In 1986, the incumbent Mayor of Frankfurt Walter Wallmann joined the Second Kohl cabinet as the Federal Ministry for the Environment, Nature Conservation, Nuclear Safety and Consumer Protection, thus leaving the office of mayor. Brück then succeeded Wallmann as mayor on 14 August 1986, after being recommended by Wallman as his replacement.

Brück found himself in the national spotlight in September 1986 after having postponed the opening of the U6 and U7 lines of the Frankfurt U-Bahn following a political dispute with the regional council of Darmstadt and a citizen's initiative against the expansion of rail networks in the city centre. Brück's tenure saw the opening of high-rise buildings such as the Messeturm and Westendstrasse 1, as well as the creation of city partnerships with Toronto (Canada) and Guangzhou (China). Brück also inaugurated the popular Museumsuferfest.
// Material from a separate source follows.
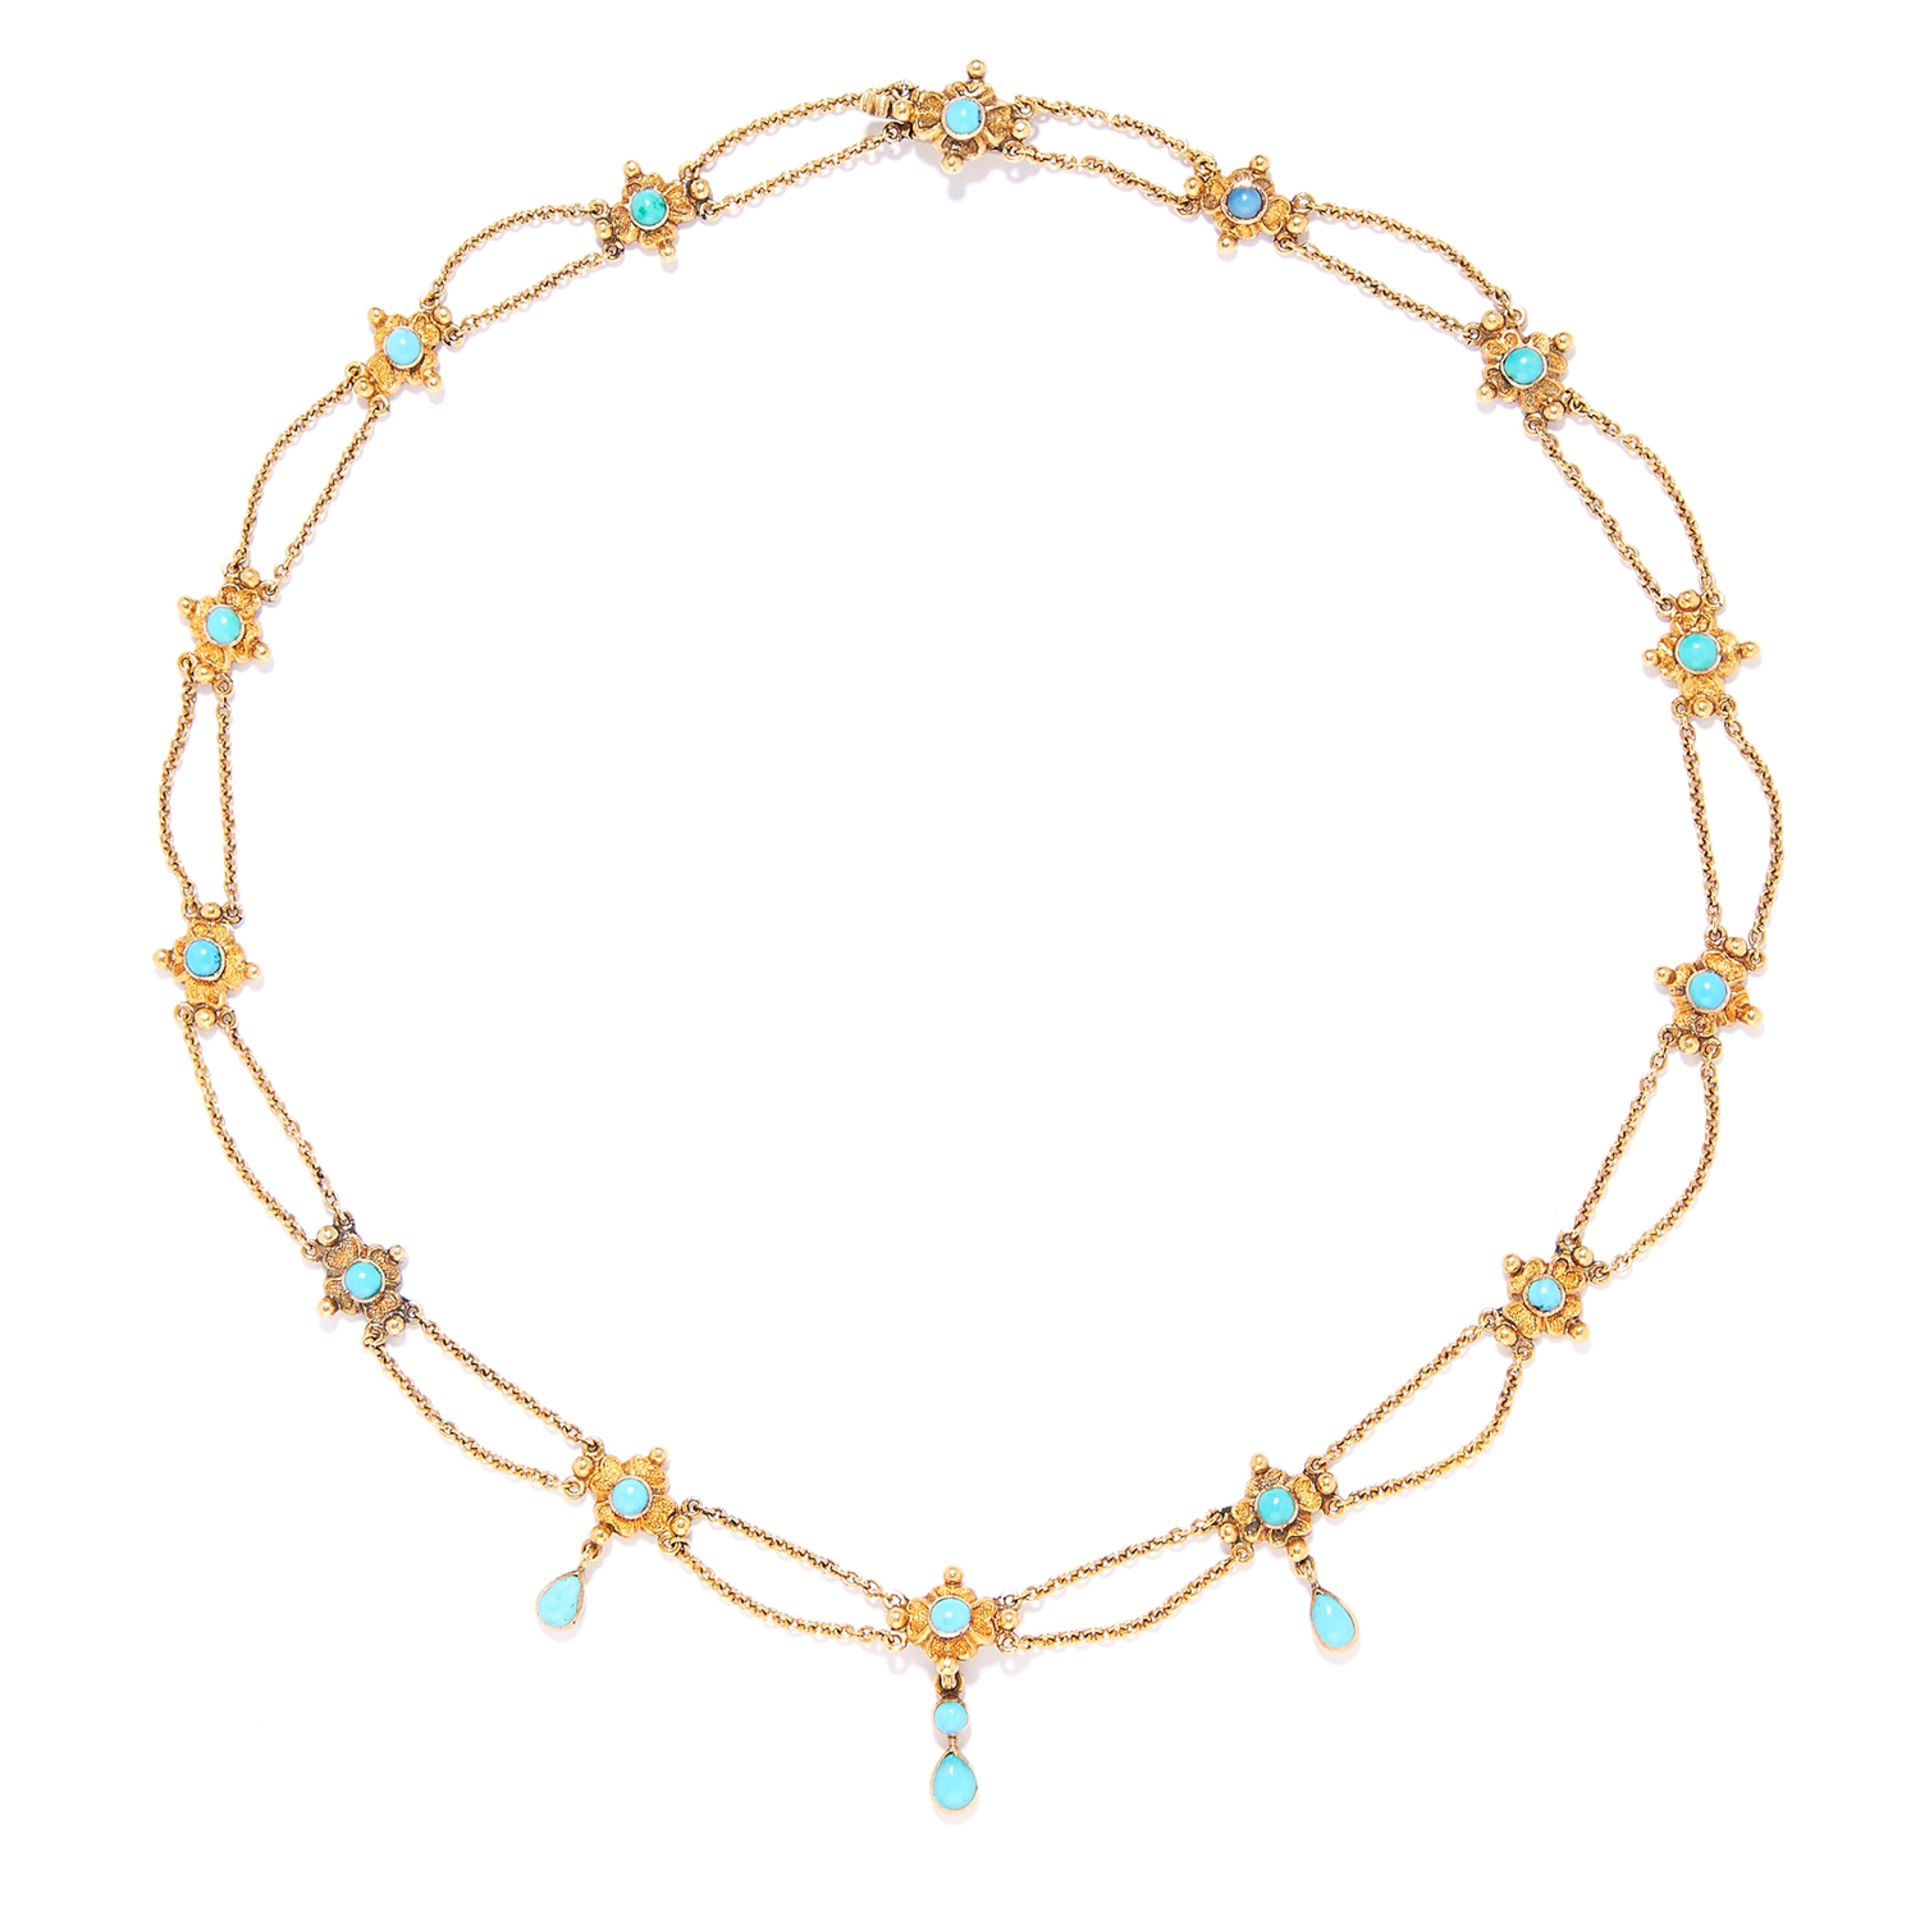 ANTIQUE TURQUOISE NECKLACE in high carat yellow gold, set with fourteen turquoise links between a

In 1989 Brück faced his first election (he had not come to power through election, but due to the resignation of his predecessor), which he lost; the CDU lost 13 percentage points from the last election in 1986, and the SPD became the largest party with a vote share of 40.1%. The SPD then formed a coalition with The Greens, and SPD politician Volker Hauff became the new Mayor of Frankfurt.

== Later life ==
A year after his election defeat, Brück moved back to his home city of Cologne, and settled there as a lawyer. He served as the chairman of the board of the recycling company Duales System from 1991 until his retirement in 2002. Duales System was the company which introduced the "Grüner Punkt", the forerunner of the "Green Dot" symbol for recycling. Brück received the Order of Merit of the Federal Republic of Germany for his work on the "Grüner Punkt". In 2016 Brück died aged 79.